**What is needed**
The task calls for every line of the data to be repeated exactly.

═══ Input data

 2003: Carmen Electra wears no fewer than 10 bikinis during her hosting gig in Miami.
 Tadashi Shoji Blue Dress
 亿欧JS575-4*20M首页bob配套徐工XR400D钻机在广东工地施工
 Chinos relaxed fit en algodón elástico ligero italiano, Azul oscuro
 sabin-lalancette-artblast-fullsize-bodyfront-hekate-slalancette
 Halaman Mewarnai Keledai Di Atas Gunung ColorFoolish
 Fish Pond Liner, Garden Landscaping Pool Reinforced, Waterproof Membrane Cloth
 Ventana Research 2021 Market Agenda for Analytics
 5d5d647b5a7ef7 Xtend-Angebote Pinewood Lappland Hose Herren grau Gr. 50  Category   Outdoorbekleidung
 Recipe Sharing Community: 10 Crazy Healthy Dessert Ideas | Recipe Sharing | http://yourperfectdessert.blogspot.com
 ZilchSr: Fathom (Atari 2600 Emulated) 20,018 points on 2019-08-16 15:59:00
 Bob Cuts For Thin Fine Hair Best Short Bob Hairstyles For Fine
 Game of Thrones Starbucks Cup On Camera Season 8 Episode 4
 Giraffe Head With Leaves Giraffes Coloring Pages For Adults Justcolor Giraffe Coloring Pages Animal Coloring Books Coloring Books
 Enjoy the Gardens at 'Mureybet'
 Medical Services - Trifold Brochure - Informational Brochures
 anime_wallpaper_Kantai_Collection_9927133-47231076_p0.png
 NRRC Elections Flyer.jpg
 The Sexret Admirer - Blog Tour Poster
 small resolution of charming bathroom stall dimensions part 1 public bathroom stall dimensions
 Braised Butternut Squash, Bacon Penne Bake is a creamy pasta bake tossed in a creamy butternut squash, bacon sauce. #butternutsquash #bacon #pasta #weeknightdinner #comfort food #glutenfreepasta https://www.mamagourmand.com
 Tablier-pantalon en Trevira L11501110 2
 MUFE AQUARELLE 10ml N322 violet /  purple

══════

**Result**
 2003: Carmen Electra wears no fewer than 10 bikinis during her hosting gig in Miami.
 Tadashi Shoji Blue Dress
 亿欧JS575-4*20M首页bob配套徐工XR400D钻机在广东工地施工
 Chinos relaxed fit en algodón elástico ligero italiano, Azul oscuro
 sabin-lalancette-artblast-fullsize-bodyfront-hekate-slalancette
 Halaman Mewarnai Keledai Di Atas Gunung ColorFoolish
 Fish Pond Liner, Garden Landscaping Pool Reinforced, Waterproof Membrane Cloth
 Ventana Research 2021 Market Agenda for Analytics
 5d5d647b5a7ef7 Xtend-Angebote Pinewood Lappland Hose Herren grau Gr. 50  Category   Outdoorbekleidung
 Recipe Sharing Community: 10 Crazy Healthy Dessert Ideas | Recipe Sharing | http://yourperfectdessert.blogspot.com
 ZilchSr: Fathom (Atari 2600 Emulated) 20,018 points on 2019-08-16 15:59:00
 Bob Cuts For Thin Fine Hair Best Short Bob Hairstyles For Fine
 Game of Thrones Starbucks Cup On Camera Season 8 Episode 4
 Giraffe Head With Leaves Giraffes Coloring Pages For Adults Justcolor Giraffe Coloring Pages Animal Coloring Books Coloring Books
 Enjoy the Gardens at 'Mureybet'
 Medical Services - Trifold Brochure - Informational Brochures
 anime_wallpaper_Kantai_Collection_9927133-47231076_p0.png
 NRRC Elections Flyer.jpg
 The Sexret Admirer - Blog Tour Poster
 small resolution of charming bathroom stall dimensions part 1 public bathroom stall dimensions
 Braised Butternut Squash, Bacon Penne Bake is a creamy pasta bake tossed in a creamy butternut squash, bacon sauce. #butternutsquash #bacon #pasta #weeknightdinner #comfort food #glutenfreepasta https://www.mamagourmand.com
 Tablier-pantalon en Trevira L11501110 2
 MUFE AQUARELLE 10ml N322 violet /  purple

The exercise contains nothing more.